Cartoon showing laziness as the mama of invention
 Links for more learning
Lazy engineers: Unusual habits of good engineers
Process Thinking: It can make you happier at work and at home
Policy analysis: The Nigerian subsidy example, The technocracy example

3 comments:

Seun Idowu said...

Very true!

t said...

I like this comment :)

t said...

Just what I was saying: The CBN is forcing banks to lower fees. One key reason the fees remain so high is the processes are convoluted, raising overheads. Incidentally, last week, I spent four working days and 60 USD wiring about 1000USD. If you add the effort involved in creating a special , so-called domicilliary account, you can see that the bank folks really think wiring money should be a big ordeal for the customer. You can imagine how many staff-hours were devoted to my project. Paypal does the same transaction maybe with seconds of staff effort and invisible fees.

So I support the CBN's pressure on the banks.

How come, however, in that time the fixed fee (before the per-dollar and VAT charges) went up from 25 dollars to 50 dollars at my bank (UBA) - it still says 25 on the website, then 0.5% variable. On the website of GTBank it says 0 fixed but a flat 1% fee (which indicates more streamlined operations) .

So when I read this, UBA Bank's African Operations...I thought aha, same thing I've been stressing, if we don't get operations rationalized somehow, we're going down.

"Amid the rising cost of operation occasioned by the prevailing stringent conditions, United Bank for Africa Plc has continued to reap bountifully from its spread in the African market, reports Festus Akanbi
Original Source: This Day
With many banks coming under pressure from the Central Bank of Nigeria’s (CBN) cut on banking fees, UBA’s African operations are providing a buffer to its earnings.

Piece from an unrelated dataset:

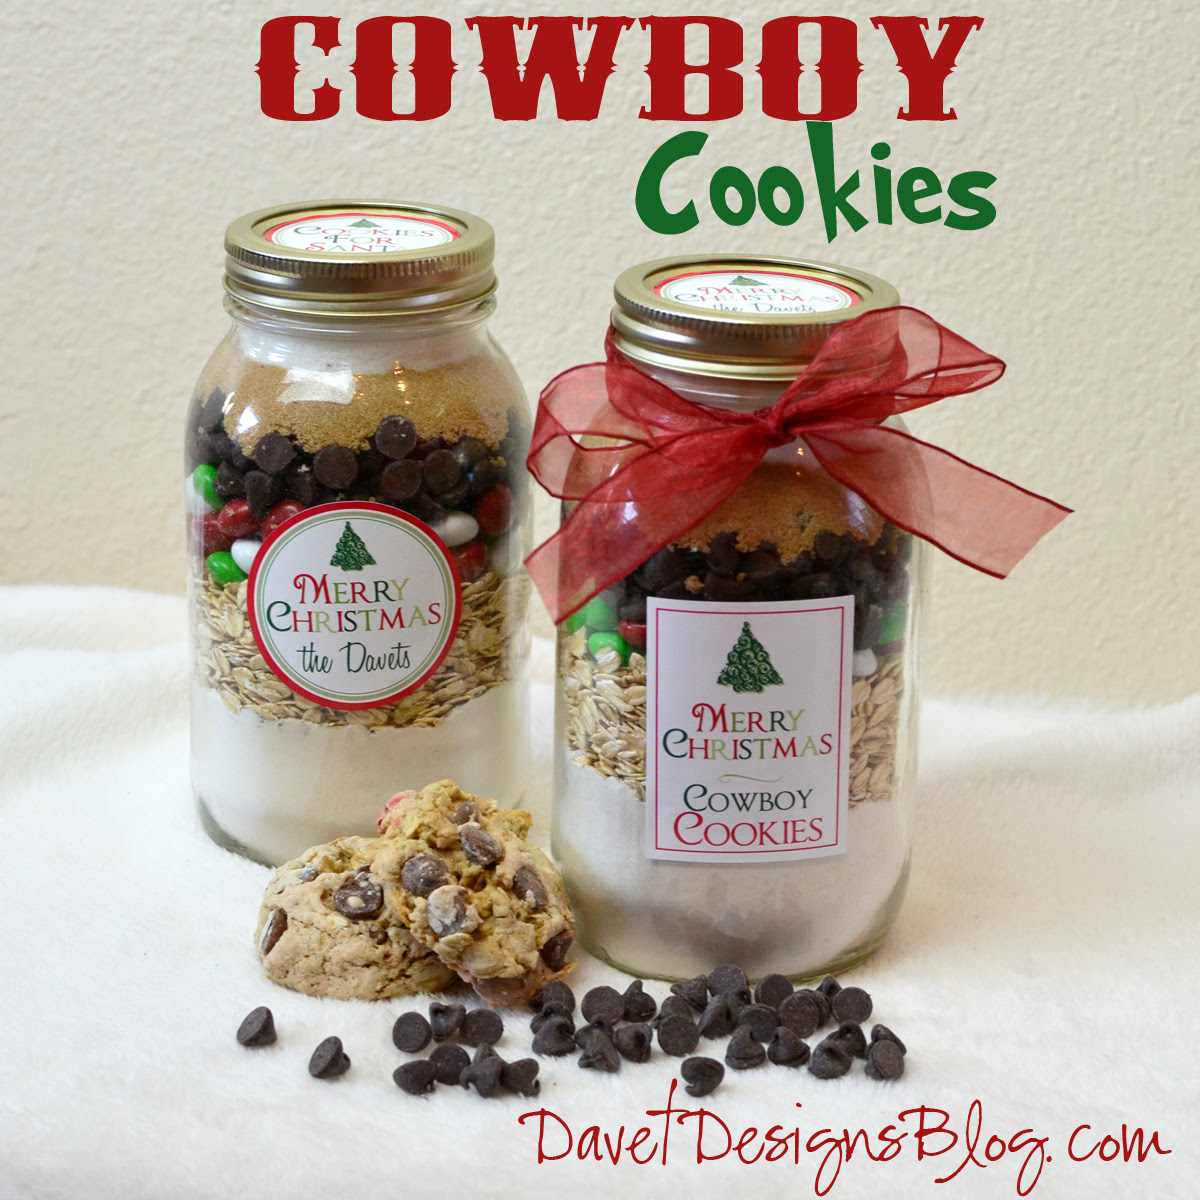 Craft ideas and more from Davet Designs: 8th Day of Christmas in a Jar ...

UBA Plc has operations in 18 African countries, besides Nigeria. The bank’s foresight in spreading across Africa is now yielding fruits as recent CBN policies put pressure on the earnings of Nigerian banks.

The CBN, in the last few months, has cut the Commission on Turnover or CoT by 40 percent to N3 per mil from the previous N5 per mil with a target to phase out CoT totally by 2016. The apex bank has also directed banks to fix interest on savings at a minimum of 30 percent of the Monetary Policy Rate (MPR), effectively moving up interest rate on savings to a minimum of 3.6 percent. Other policies that are having a negative impact on Nigerian bank earnings include the rise in Asset Management Corporation of Nigeria (AMCON) levy from 0.3 percent to 0.5 percent of assets and the significant increase in cash reserve ratio (CRR) on public sector deposits from 12 percent to 50 percent.

Nigerian bank earnings have thus come under significant pressure from the different policies, which have seen many banks experience drop in earnings growth and profits in the released financial results for the first half of the year ended June 2013. However, UBA is one of the few Nigerian banks that have been able to retain its growth momentum for the first half of 2013 despite the pressure on earnings and increased cost of operations arising from the CBN policies. Analysts link the bank’s resilience to its extensive operations across Africa. The bank’s 18 African subsidiaries outside Nigeria contributed an average of 20 percent of first half deposits in 2013.
“The bank’s operations across Africa are a significant advantage now that earnings are coming under pressure in Nigeria. With most of those subsidiaries now coming into their own, whatever earnings are lost in Nigeria, can be made up from the African operations,” said one analyst familiar with the bank’s operations. “UBA’s net interest margin was largely stable at 5.8 percent despite the regulatory induced pressure on industry earnings,” said UBA CEO Phillip Oduoza, during the half-year presentation by the bank to investors.
“We expect to see improvement, following recent and ongoing loan book expansion,” he explained."